Adam was annoyed as he'd been harbouring plans along the same lines himself.

"Sit down, Jonner", he said, making it sound like an order.

"I really came to ask if you've seen your invitation", said Jonner "I left it on the hall-table".

"Probably buried under all the Christmas cards", said Julian "Invitation to what?"

"The Town Council are throwing a dinner bash on New Year's Eve", said Jonner "Hiring a function room at Myrtle's hotel, in honour of Hillyard".

"Celebrating a rare visit to Toondor Lanpin by their Governor!" said Julian.

"It sounds like its going to be dreadfully posh", said Adam, in dismay.

"It will be rather", said Jonner "They want to prove to some visiting ex-Ministry men from Krindei that we can be very respectable down here too".

"Why bother?" said Adam "We don't have to impress them anymore, thank heavens!"

"It won't be a very respectable bash if we're all going!" said Joby.

"Ah that's the catch I'm afraid", said Jonner "They say that due to pressure of space Hillyard can only take 3 guests with him".

"Pressure of space!" Joby sneered "That function room's huge!
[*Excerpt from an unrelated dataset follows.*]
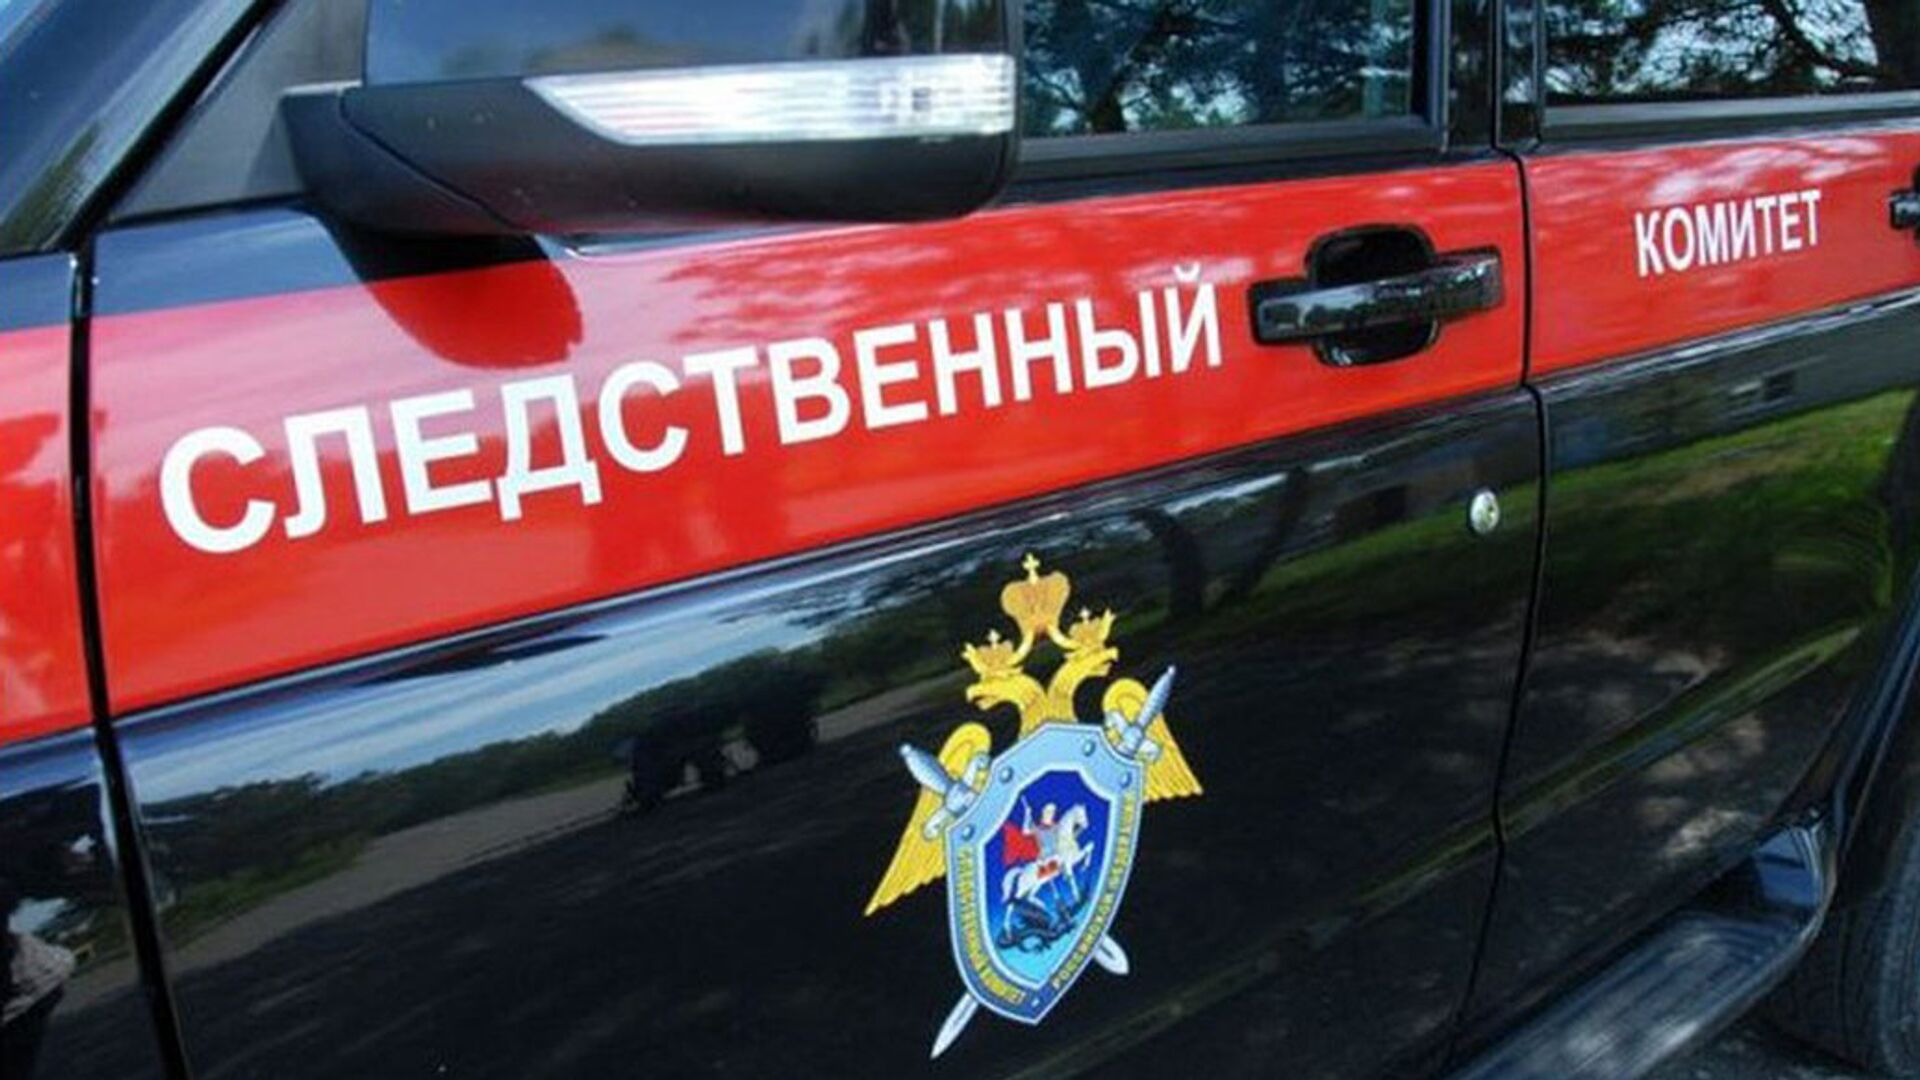 Следствие возбудило дело после перестрелки в Чечне

They're just frightened we'll all turn up and be an embarrassment to 'em".

"How very astute of them", said Adam "I suppose they think by limiting it to 4 we won't be too much trouble".

"Depends which 4", said Hillyard "Can I choose, or have they selected my guests for me too?!"

"That's entirely up to your own discretion", said Jonner.

"Good", said Hillyard "I'll give it some careful thought".